Laut dem Bericht in RTL explosiv soll er schon seit ein paar Tagen in U-Haft sitzen.
Im Stream ab ca. 42:35 min. zu sehen.


----------



## Aka-Aka (17 März 2013)

http://www.heute.at/news/oesterreich/wien/art23652,857903

http://www.heute.at/news/oesterreich/art23655,856322


> Senioren in ganz Europa feierten den "Heute"-Bericht über die Verhaftung des mutmaßlichen Millionenbetrügers Gerhard B. (45). Denn der Chef eines Firmengeflechtes in Wien-Donaustadt agierte international.


----------



## dvill (1 Juni 2014)

http://www.tt.com/wirtschaft/unternehmen/8442079-91/betrugskrimi-um-gewinnspiele-vor-gericht.csp


> Der Angeklagte selbst wehrte sich gestern gegen den Vorwurf des gewerbsmäßigen schweren Betrugs und berief sich auf die Expertise von gleich zwei Justizministern. So verwies B. u. a. auf Minister Wolfgang Brandstetter (ÖVP), der seine Geschäfte geprüft und abgesegnet habe. Er habe „nicht mit irgendwelchen Winkeladvokaten, sondern den allerbesten Anwälten, der Oberschicht“ zusammengearbeitet, sagte der Angeklagte. Neben Brandstetter habe er auch dessen Amtsvorgänger – Ex-Justizminister Dieter Böhmdorfer – beschäftigt. Die Rechtsanwälte hätten die Werbemittel jedes Mal freigegeben.

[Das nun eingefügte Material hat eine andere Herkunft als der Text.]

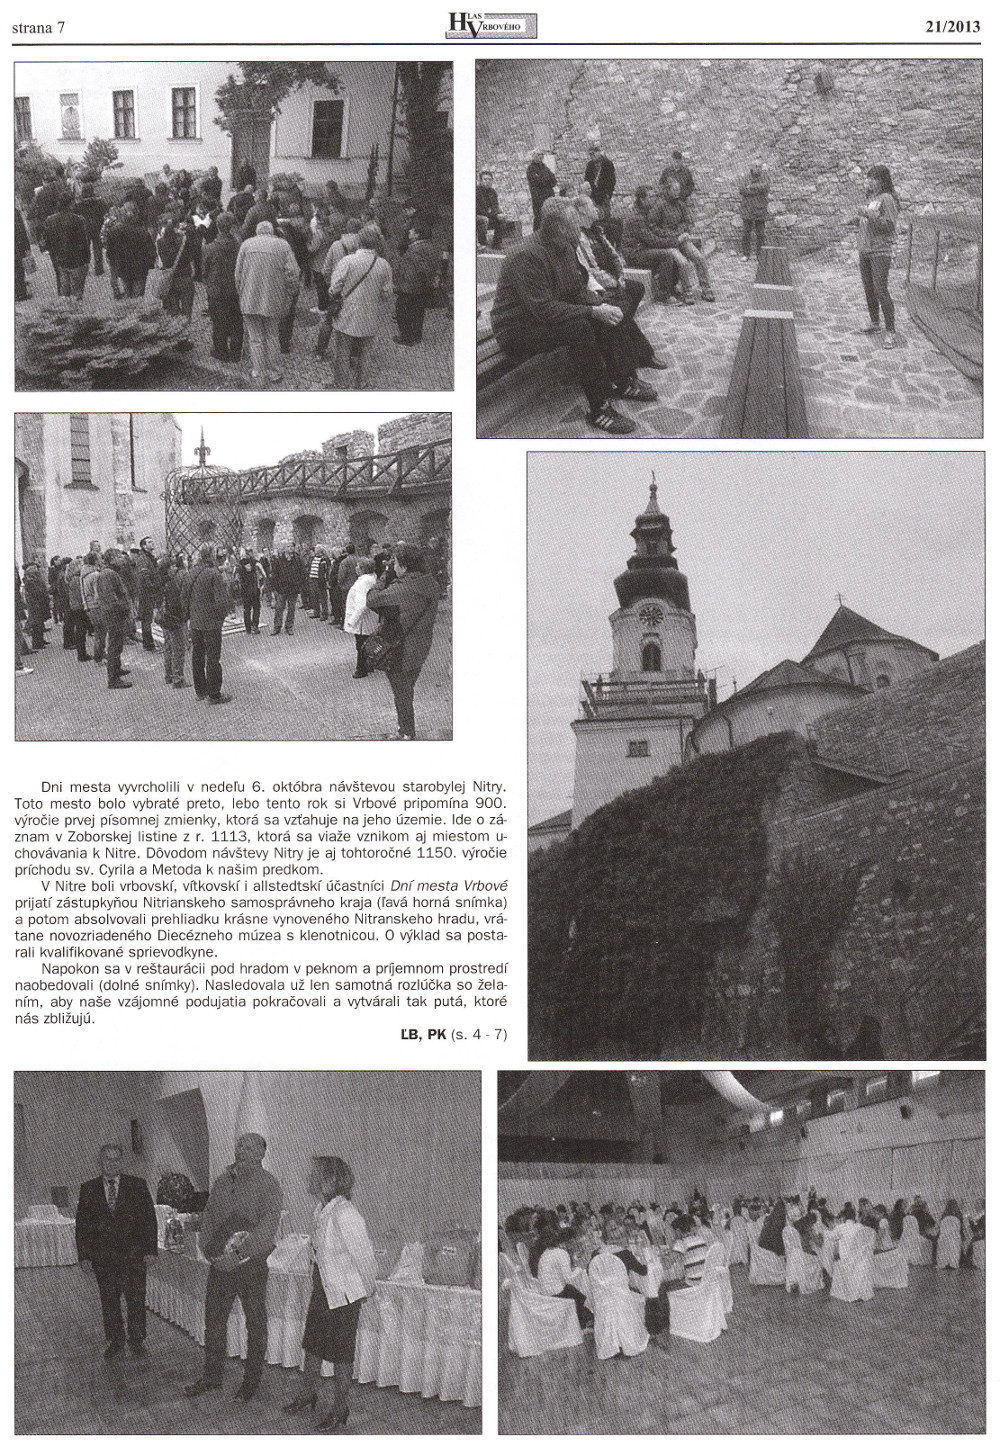 Hlas Vrbového 21/2013, strana 7

Die Fakten belegen seit Jahren, dass die weit verbreiteten Betrügereien mit Telekommunikationsmittel politisch gewollt und gestützt sind.


----------



## Bananenrupublikaner (1 Juni 2014)

Völlig richtig dvill! Aber: Auch der bekannte "Krebsarzt" K. aus Bayern nahm sich den Lokalpolitiker G. als Anwalt und schwupps war alles wieder in Butti. Es ist also nicht nur politischer Wille....


----------



## dvill (15 Oktober 2014)

http://kurier.at/wirtschaft/finanze...ft-fuer-abzocker-friedrich-mueller/91.152.425


> Urteil: Vier Jahre Haft für Abzocker Friedrich Müller





> Der Schöffensenat unter Richterin S. Ö. verurteilte den 47-Jährigen wegen schweren gewerbsmäßigen Betruges zu einen unbedingten Freiheitsstrafe von vier Jahren. Das Urteil ist nicht rechtskräftig.

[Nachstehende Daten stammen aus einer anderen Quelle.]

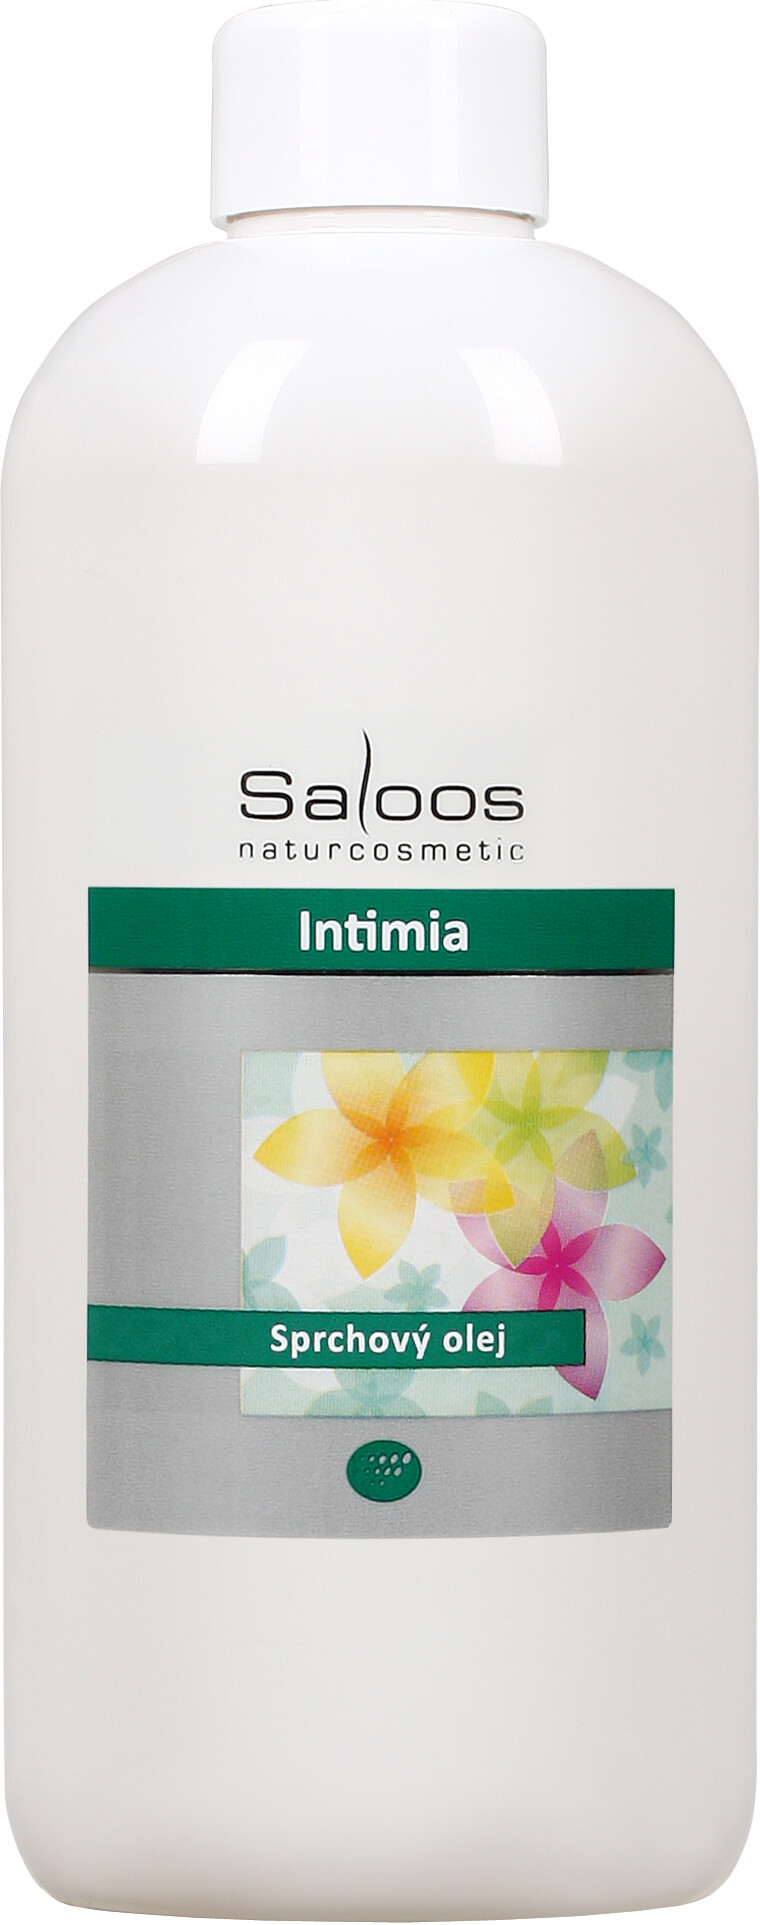 Zobrazit detail výrobku Saloos Sprchový olej - Intimia 250 ml + 2 měsíce na vrácení zboží

> Wie Staatsanwalt M. B. vorbrachte, soll B. in nur vier Monaten rund 8000 Kunden um mehr als 760.000 Euro geschädigt haben, indem er sie mit leeren Gewinnversprechungen lockte und zur Zahlung einer Bearbeitungsgebühr von 50 Euro veranlasste. Bewusst soll sich der Angeklagte an ein älteres Zielpublikum gewandt haben. Im gesamten Jahr 2008 soll „Friedrich Müller“ lediglich sechs Gewinne ausgezahlt haben.


----------